I risultati, infatti, sono piuttosto deludenti. Nonostante la Banca Centrale Europea abbia acquistato tramite Quantitative Easing titoli per oltre 1200 miliardi di euro e un’immissione mensile sul mercato di 80 miliardi al mese, gli effetti sull’economia reale ancora non si vedono, con inflazione intorno allo zero e prestiti alle imprese in calo.

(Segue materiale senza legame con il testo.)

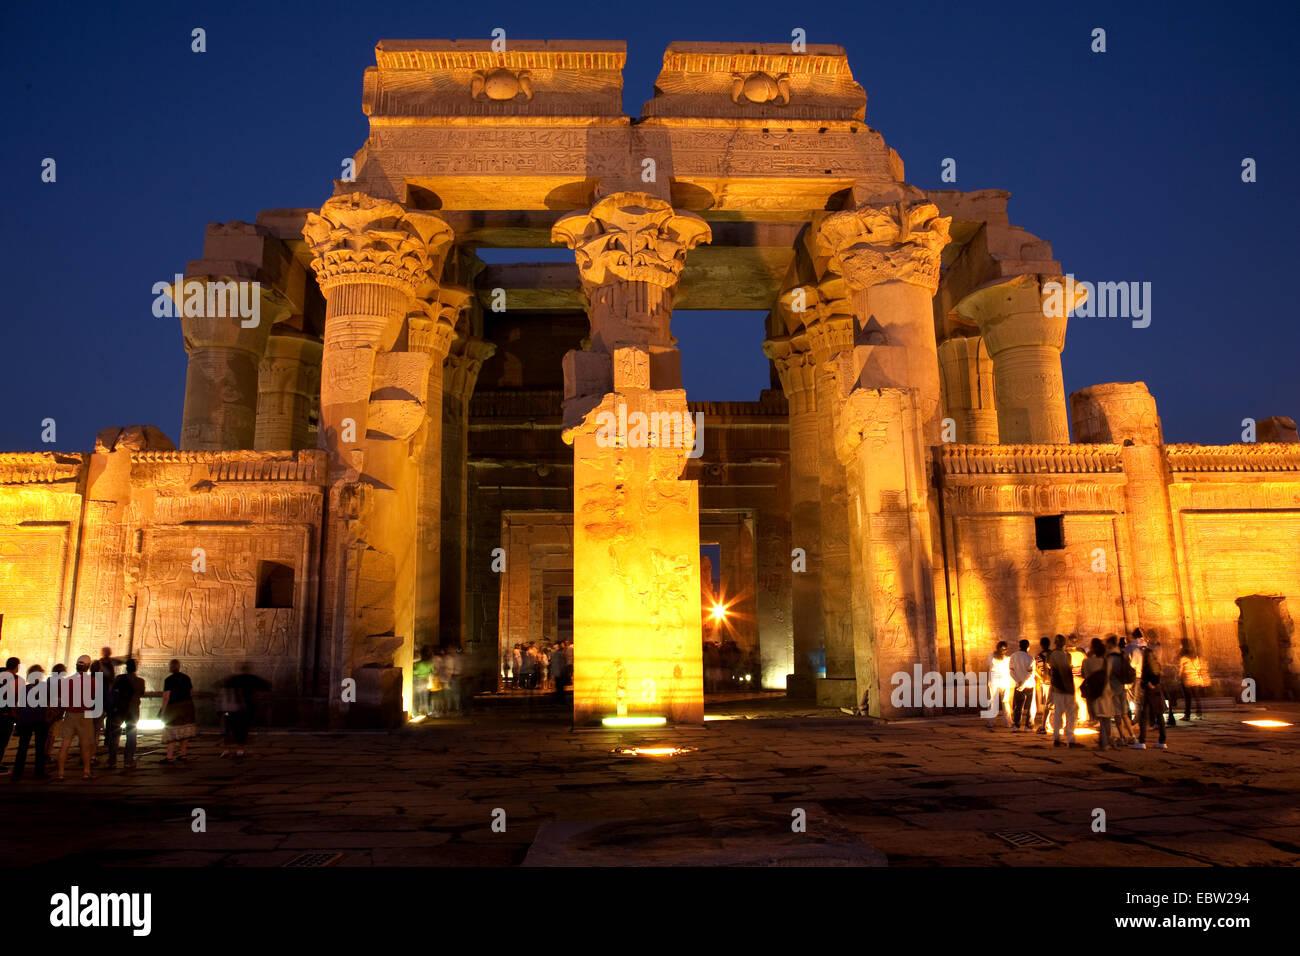 illuminated Temple of Kom Ombo, Egypt, Kom Ombo Stock Photo
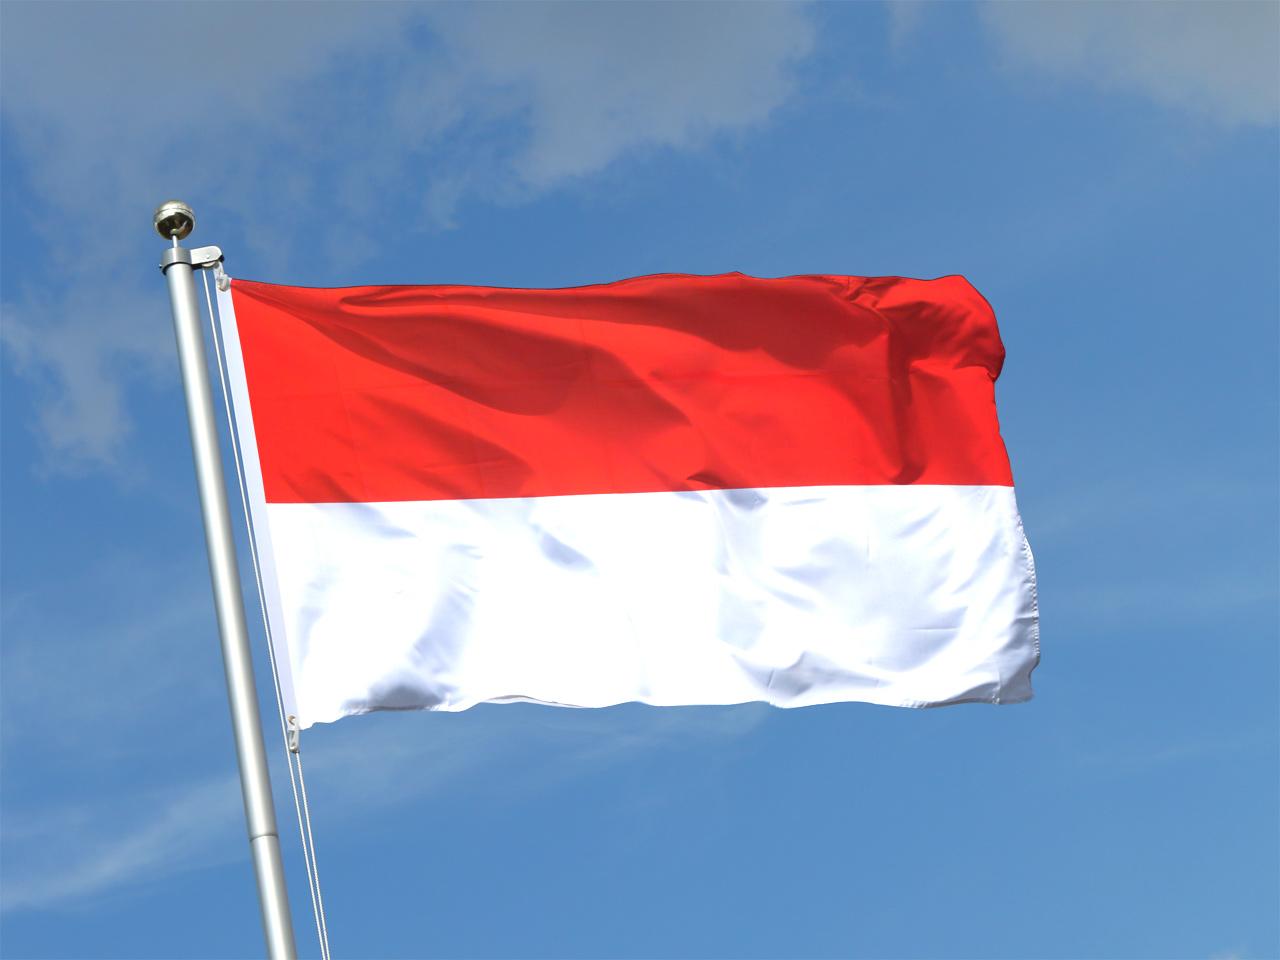 indonesien flagge indonesische fahne kaufen fahnen shop. Black Bedroom Furniture Sets. Home Design Ideas

Lo conferma un’analisi dell’Ufficio Studi della Cgia dalla quale emerge che, nonostante il Quantitative Easing, il livello medio dei prezzi nell’area euro è cresciuto solo dello 0,2% e i prestiti alle imprese sono calati dello 0,5%.

Una tendenza che interessa anche Paesi più forti del nostro, come Germania e Francia, nei quali le previsioni di crescita economica per il 2016-2017 sono più favorevoli che in Italia e dove i prestiti alle imprese sono cresciuti nell’ultimo anno.

In Italia, la Bce ha acquistato tramite Quantitative Easing titoli di stato per 176,2 miliardi tra il 9 marzo 2015 e il 30 settembre 2016. A fronte di questo sforzo, negli ultimi 12 mesi, l’inflazione si è attestata al -0,1% e i prestiti alle imprese sono addirittura calati: -2,9%, pari a una contrazione di 26,4 miliardi.

Nello specifico, rileva la Cgia, le regioni che hanno risentito di più di questo calo dei prestiti alle imprese, nonostante il Quantitative Easing, sono state Marche (-10,1%), Lazio (-7%), Veneto (-6,6%) e Molise (- 6,3%).

Lucida l’analisi su questo flop del Quantitative Easing operata dal coordinatore dell’Ufficio studi della Cgia, Paolo Zabeo, secondo il quale i soldi arrivati dalla Bce sono rimasti nelle casse delle banche invece di essere impiegati per le finalità cui erano destinati.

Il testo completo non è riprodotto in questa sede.